It also contributes to a more winning narrative than the one of the pot-smoking, academically unfocused Obama—a slice of his youth that Obama himself wrote about in his autobiography.

Basketball also became a crucible for cementing his relationship with Michelle. Working as a lawyer in Chicago at the time, the future first lady had been dating her colleague, Obama, when she asked her brother, Craig, to take the new guy out and see what he was really about. Obama had described himself as a legit player, though certainly not of the stature of Craig Robinson, a 6-foot-6 star at Princeton who got drafted by the NBA’s Philadelphia 76ers. (He now coaches at Oregon State.)

“When I played basketball with Barack, he was quietly confident, which means he had good self-esteem without being cocky,” Robinson told Chuck Klosterman of Esquire. “He was certainly a team player — he wasn’t a pig, he passed when he was supposed to pass, and he cut when he was supposed to cut. To me, that speaks to a lack of selfishness. He had natural leadership ability, because he didn’t just pass me the ball because he was dating my sister. Whenever a player gets tired, he reverts back to the player he truly is. That’s how you tell. And we played for hours. That’s how I could tell.”
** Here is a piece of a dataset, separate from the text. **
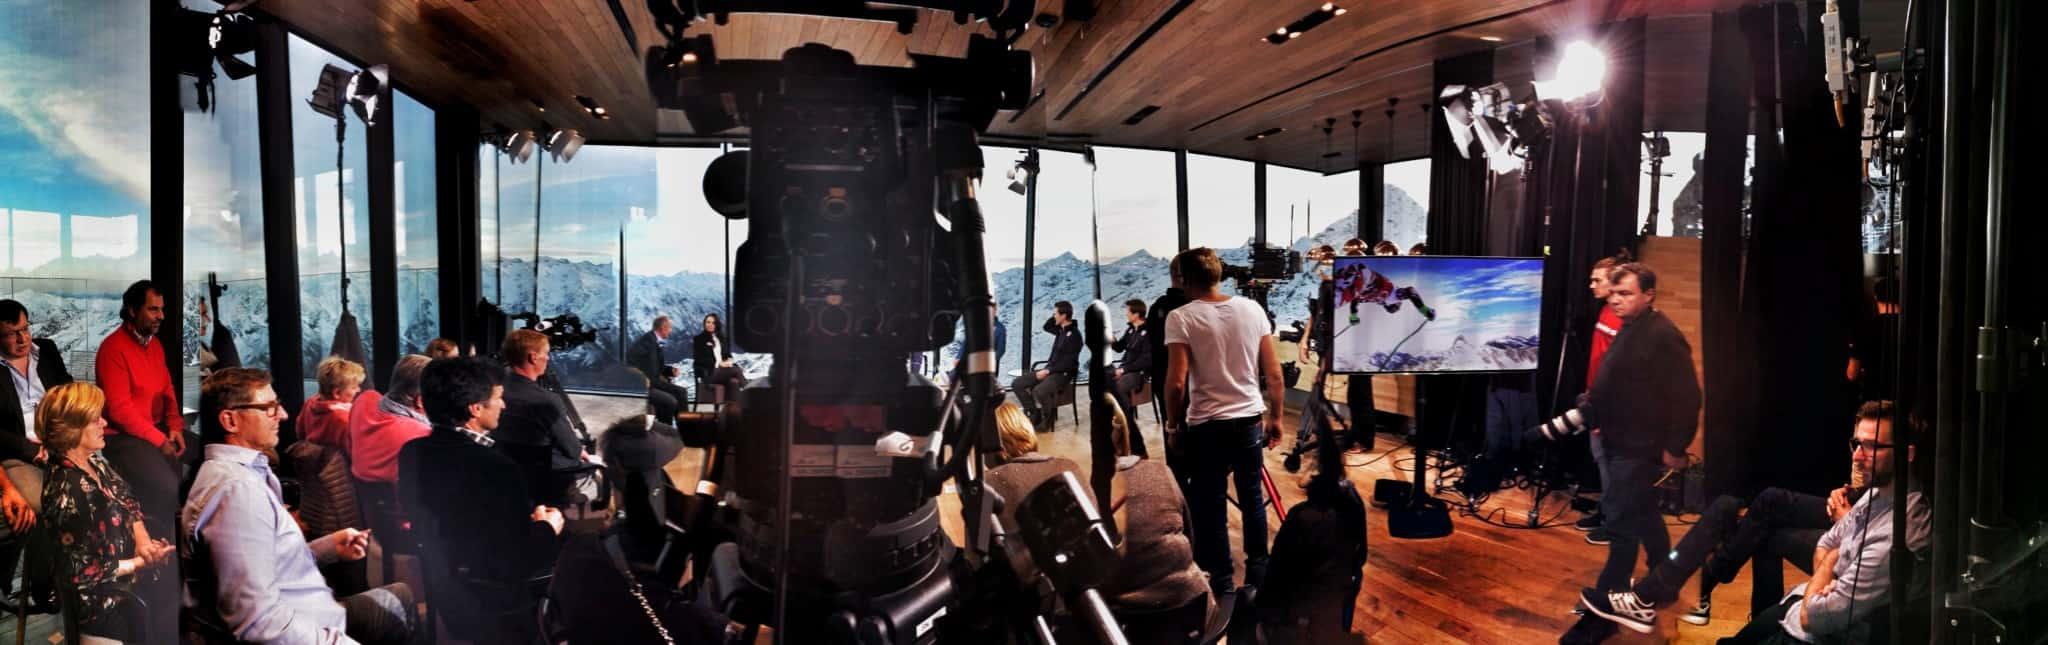 ServusTv Sport und Talk aus dem hangar7 soelden spezial 20 - ServusTV - Sport und Talk aus dem Hangar 7 - Sölden Spezial

The closest tie to the competitions in England, though, will not come from either the man who is president or the man who wants to be. Ann Romney gets that nod. The equestrian events begin Saturday and the horse Ann Romney co-owns, Rafalca, is scheduled to compete in dressage. Her husband has kept a bit of distance publicly from the sport, doubtless so as not to fuel his already patrician image.

Not that there is no chance of one of the sporting pols taking in an event during the Games. Olympic organizers say they have gamed out a scenario whereby a foreign dignitary with a very large entourage shows up for the gold medal basketball game between as-yet-unknown teams. One London paper thinks the team might be the U.S.and the surprise fan might be President Obama.